GM1 Oligosaccharide Efficacy in Parkinson's Disease: Protection against MPTP

Abstract

Past evidence has shown that the exogenous administration of GM1 ganglioside slowed neuronal death in preclinical models of Parkinson's disease, a neurodegenerative disorder characterized by the progressive loss of dopamine-producing neurons: however, the physical and chemical properties of GM1 (i.e., amphiphilicity) limited its clinical application, as the crossing of the blood-brain barrier is denied. Recently, we demonstrated that the GM1 oligosaccharide head group (GM1-OS) is the GM1 bioactive portion that, interacting with the TrkA-NGF complex at the membrane surface, promotes the activation of a multivariate network of intracellular events regulating neuronal differentiation, protection, and reparation. Here, we evaluated the GM1-OS neuroprotective potential against the Parkinson's disease-linked neurotoxin MPTP, which destroys dopaminergic neurons by affecting mitochondrial bioenergetics and causing ROS overproduction. In dopaminergic and glutamatergic primary cultures, GM1-OS administration significantly increased neuronal survival, preserved neurite network, and reduced mitochondrial ROS production enhancing the mTOR/Akt/GSK3β pathway. These data highlight the neuroprotective efficacy of GM1-OS in parkinsonian models through the implementation of mitochondrial function and reduction in oxidative stress.

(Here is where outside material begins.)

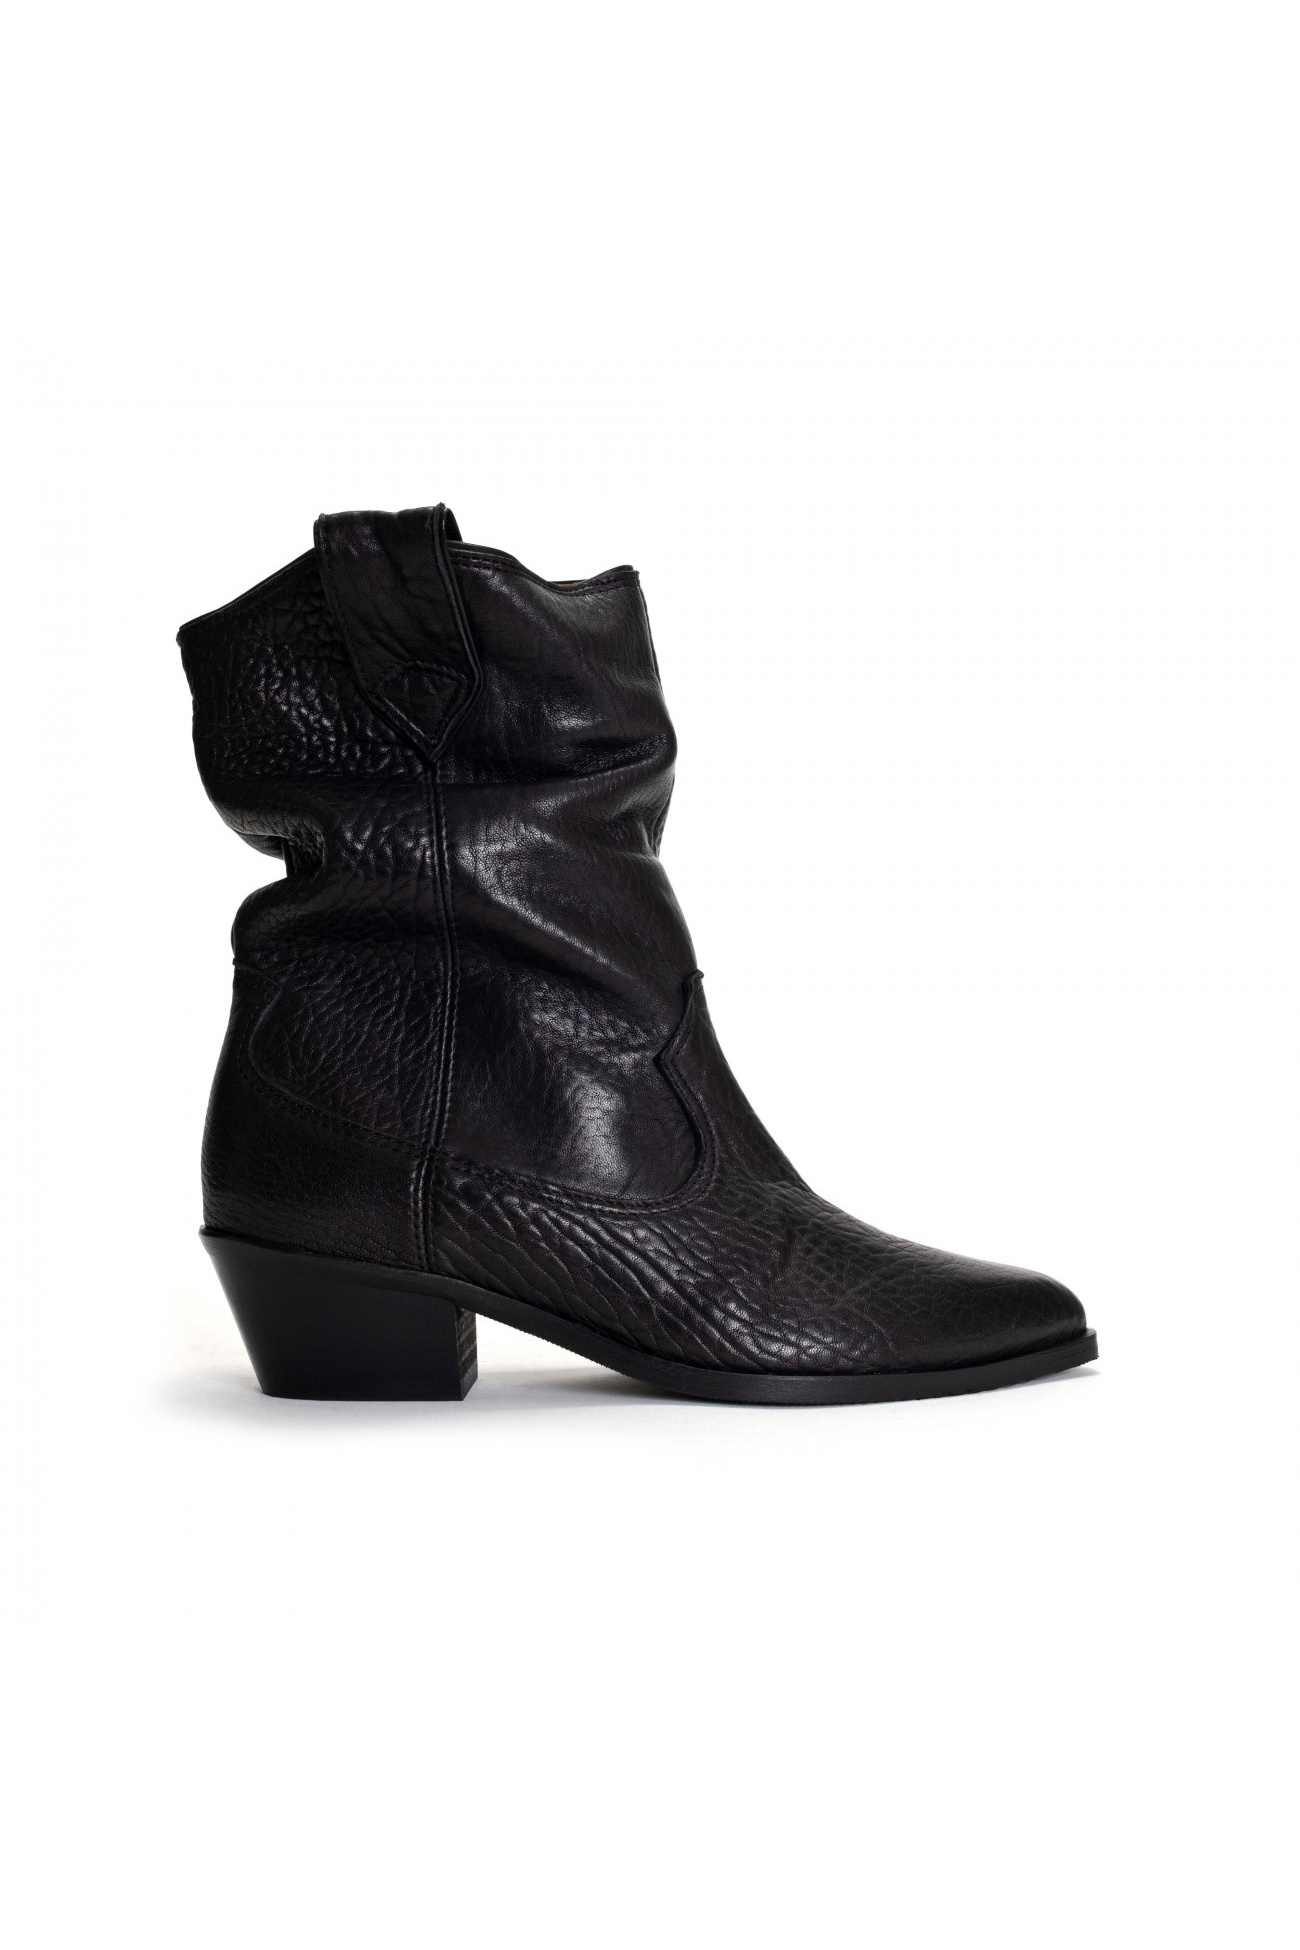 Saseline 35 Heavy Grain Calf Boot - Black-1
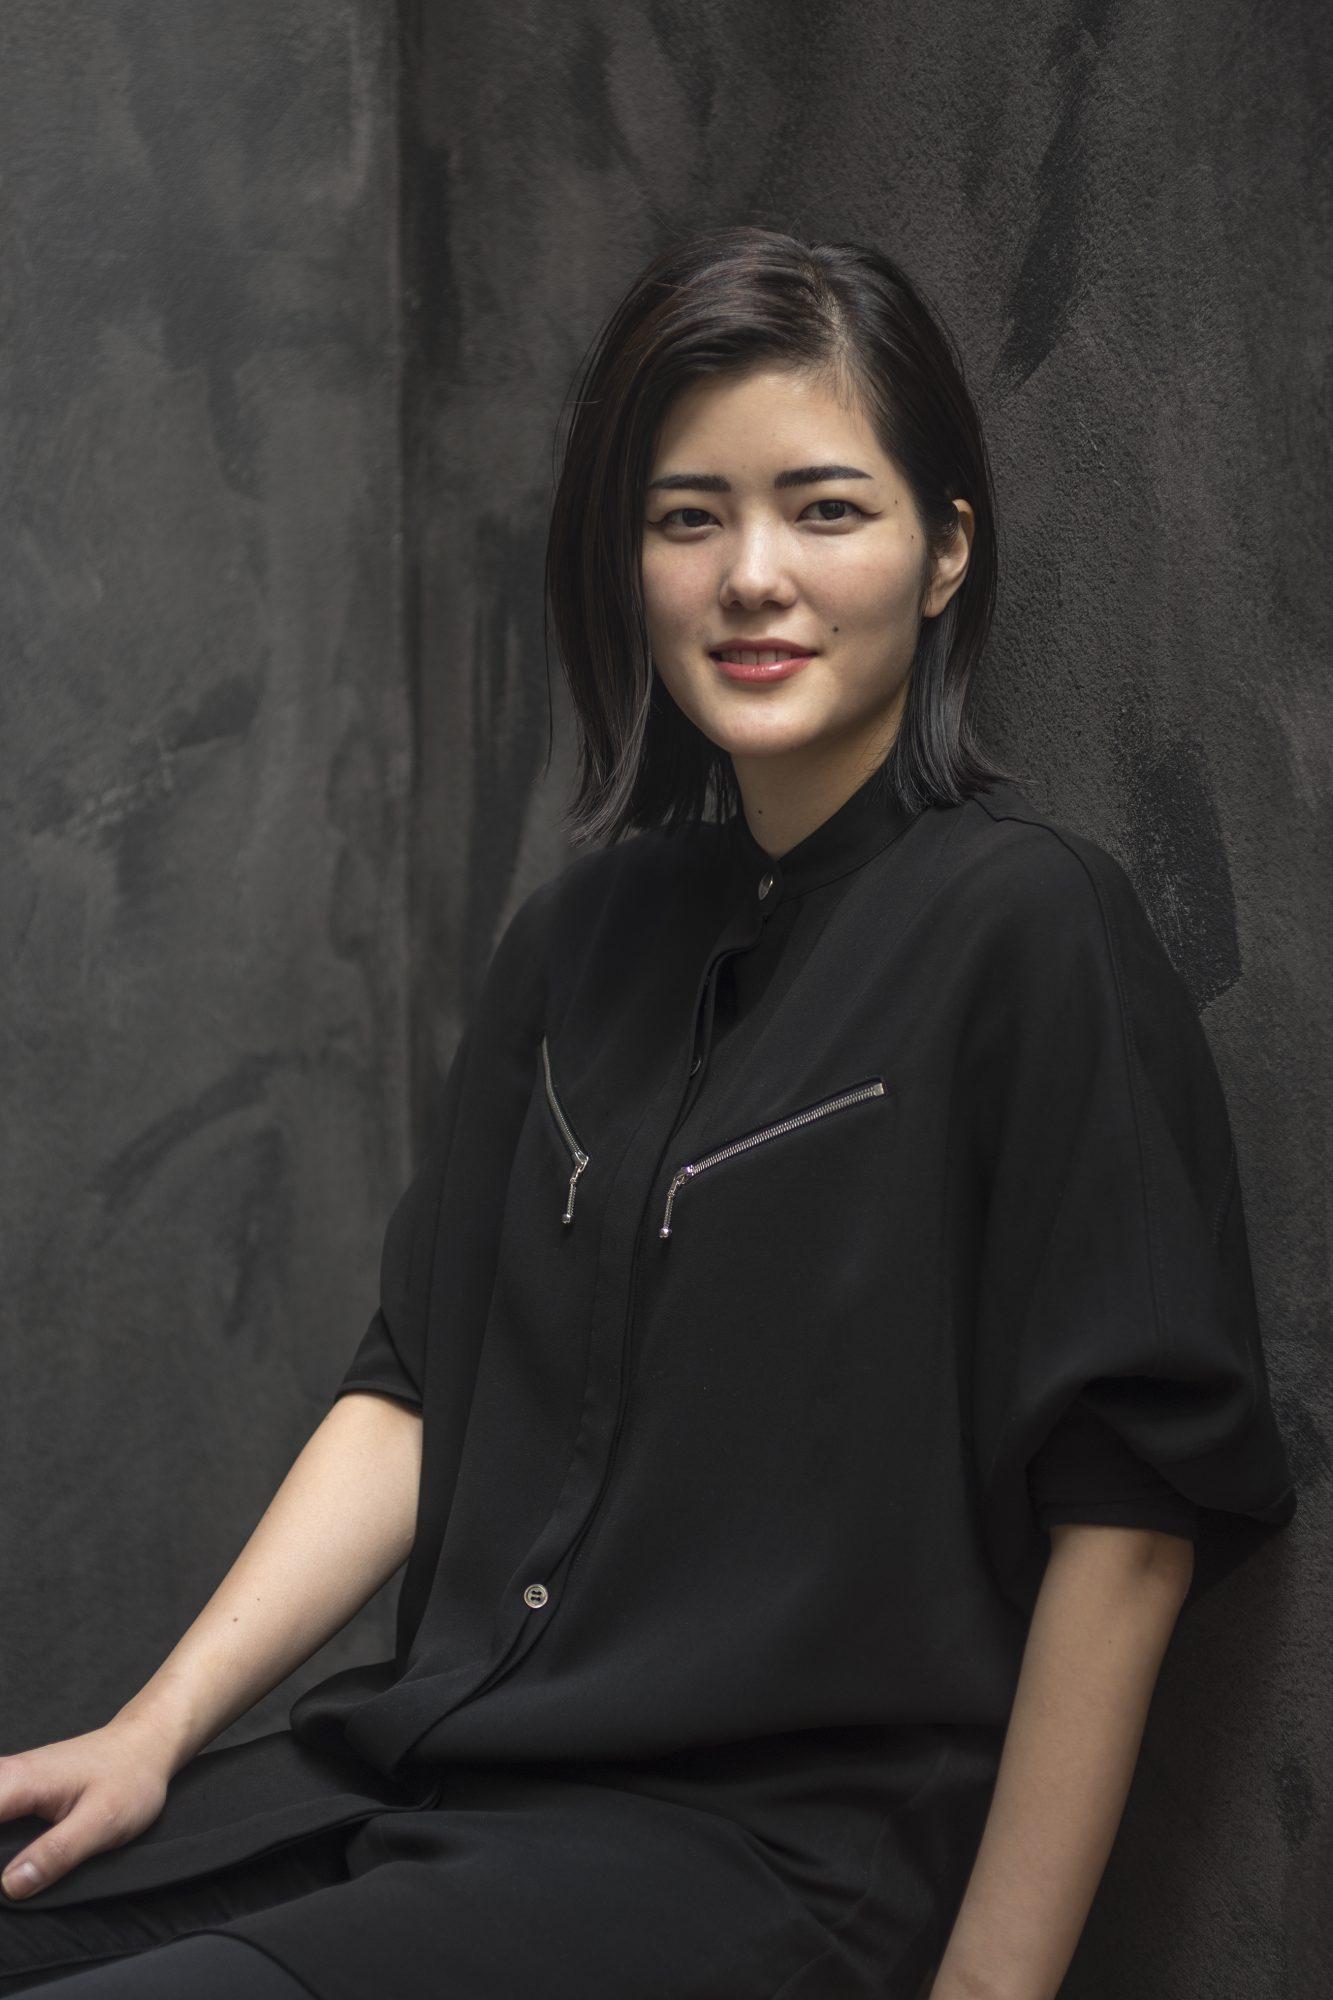 Natsuko1

Keywords: GM1 ganglioside; GM1 oligosaccharide; MPTP; Parkinson’s disease; neuroprotection; plasma membrane signaling.

Figure 1

Neuroprotective effects of GM1-OS in primary cultures of rat DA neurons injured with MPP⁺. On day 6 of culture, primary DA neurons were pre-incubated with GM1-OS (100 μM) for 1 h, before MPP⁺ exposure. Next, MPP⁺ (4 µM) was added to the culture medium. After 48 h, TH immunofluorescence was performed as described in the methods section. (a) Representative immunofluorescence images of TH-positive neurons (10X magnifications); (b) number of TH-positive neurons expressed as fold change over untreated control (CTRL) cells, as read-out of DA neuron survival; (c) length of TH-positive neurites in µm, expressed as fold change over untreated CTRL cells, for neurite network of DA neurons. All values are expressed as mean ± SEM (n = 6, **** p < 0.0001; *** p < 0.001; ** p < 0.01; One-way ANOVA followed by Tukey’s multiple comparisons test).

Figure 2

GM1-OS protected mouse CGNs injured with MPP⁺. On day 14 of culture, primary CGNs were pre-incubated with GM1-OS (100 μM) or water (CTRL) for 1 h before MPP⁺ exposure. Next, MPP⁺ (50 µM) or water was added to the culture medium for 24 h. (a) Phase contrast images of CGNs (20X magnification). Images are representative of four independent experiments (n = 4); (b) Viability assays: on the left LDH release, on the right MTT assay. All values are expressed as mean ± SEM (n = 4 independent experiments. *** p = 0.0005, **** p < 0.0001, one-way ANOVA followed by Tukey’s multiple comparisons test).

Figure 3

GM1-OS modulation of mTOR/Akt/GSK-3β pathway. WB of factors sustaining cell survival after 6 h and 24 h of MPP⁺ exposure: mTOR^P-Ser2448, AKT^P-Ser473, GSK3β^P-Ser9, and respective total proteins. Top: WB representative images; bottom: semiquantitative analysis of WB bands represented as fold change over CTRL. All values are expressed as mean ± SEM (n = 4 independent experiments. *** p = 0.0002, **** p < 0.0001, one-way ANOVA followed by Tukey’s multiple comparisons test).

Figure 4

GM1-OS counteracted mitochondrial O₂^•− increase induced by MPP⁺. On day 14 of culture, primary CGNs were pre-incubated with GM1-OS (100 μM) or water (CTRL) for 1 h before MPP⁺ exposure. Next, MPP⁺ (50 µM) or water was added to the culture and mitochondrial O₂^•− was evaluated by MitoSOX Red reagent. (a) Representative fluorescence images of CGNs after 1 h (top) or 6 h (bottom) of MPP⁺ administration (40× magnification). For each condition the small quadrants show single channel images with MitoSOX in red and Nuclei in blue and the big quadrant is the overlayed image (Scale bar: 50 µm); (b) quantification of the MitoSOX Red signal over nuclei number. All values are expressed as mean ± SEM (n = 3 independent experiments. * p < 0.01, *** p = 0.0006 **** p < 0.0001, one-way ANOVA followed by Tukey’s multiple comparisons test).